**YOUR TASK**
In duplicating the lines below, keep every word unchanged and drop the pictures.

########################################

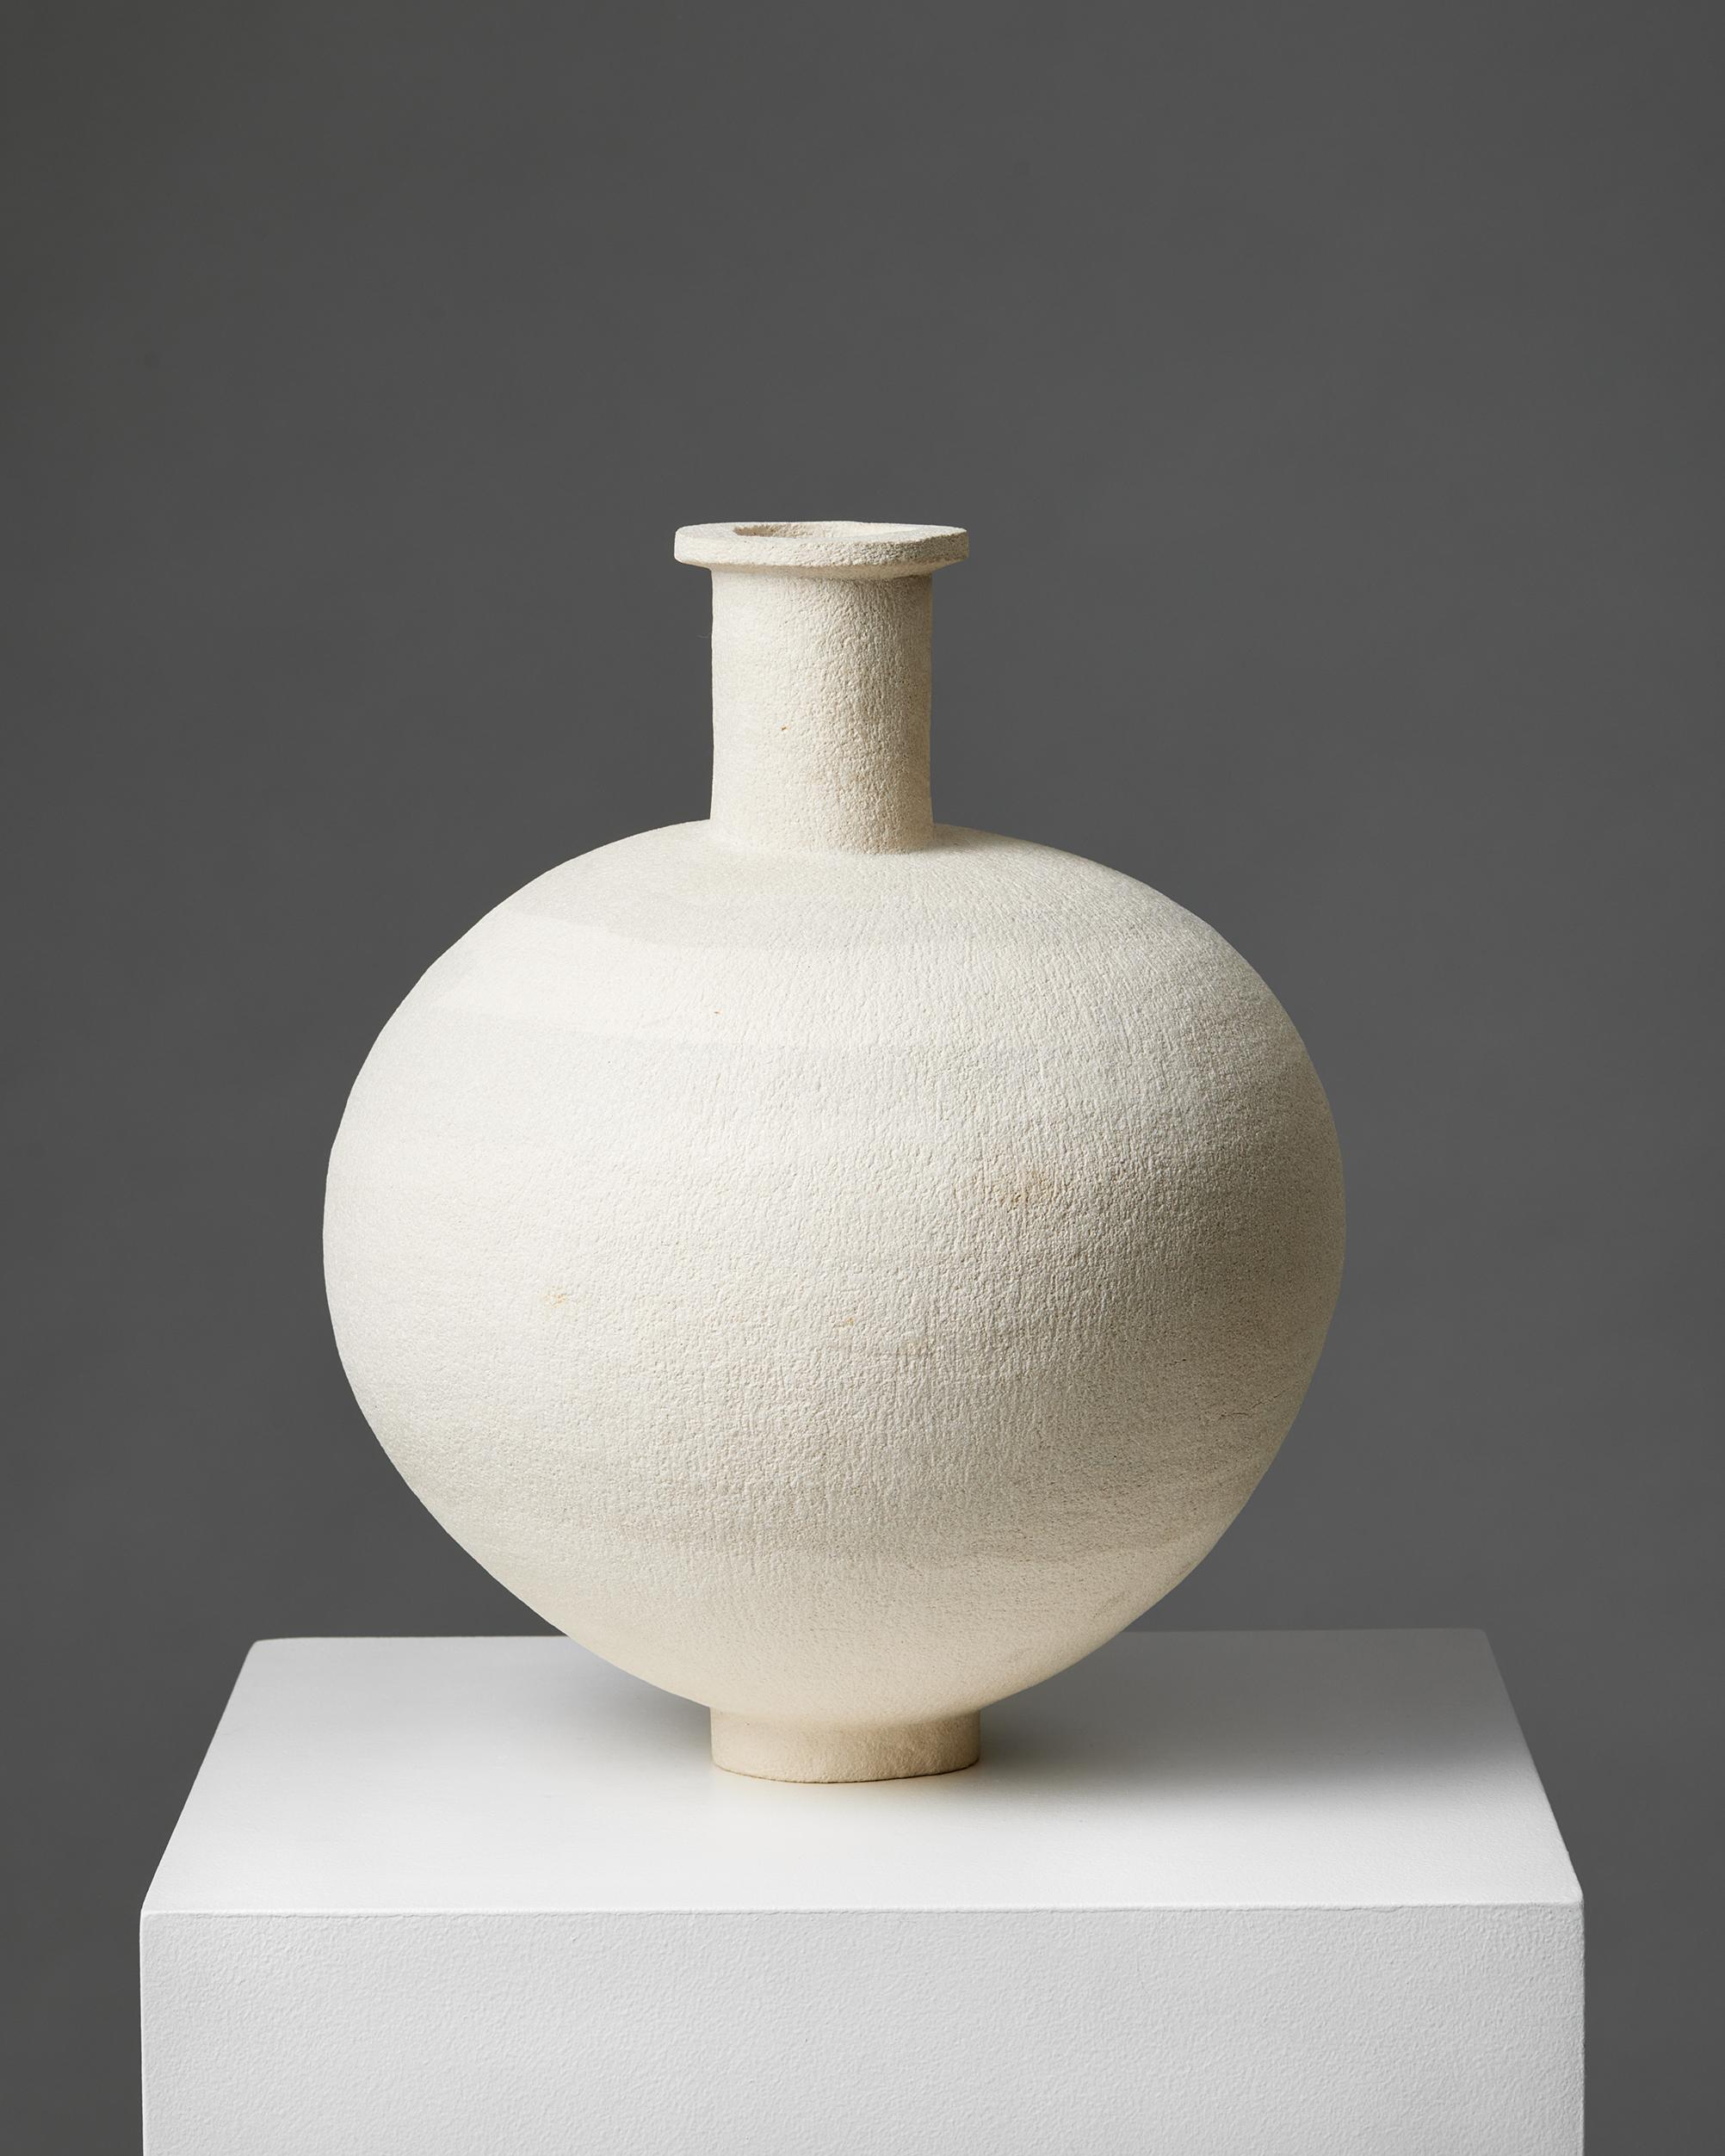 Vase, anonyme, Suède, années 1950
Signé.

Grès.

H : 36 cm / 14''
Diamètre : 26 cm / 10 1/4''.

########################################

**RESPONSE**
 Vase, anonyme, Suède, années 1950
Signé.

Grès.

H : 36 cm / 14''
Diamètre : 26 cm / 10 1/4''.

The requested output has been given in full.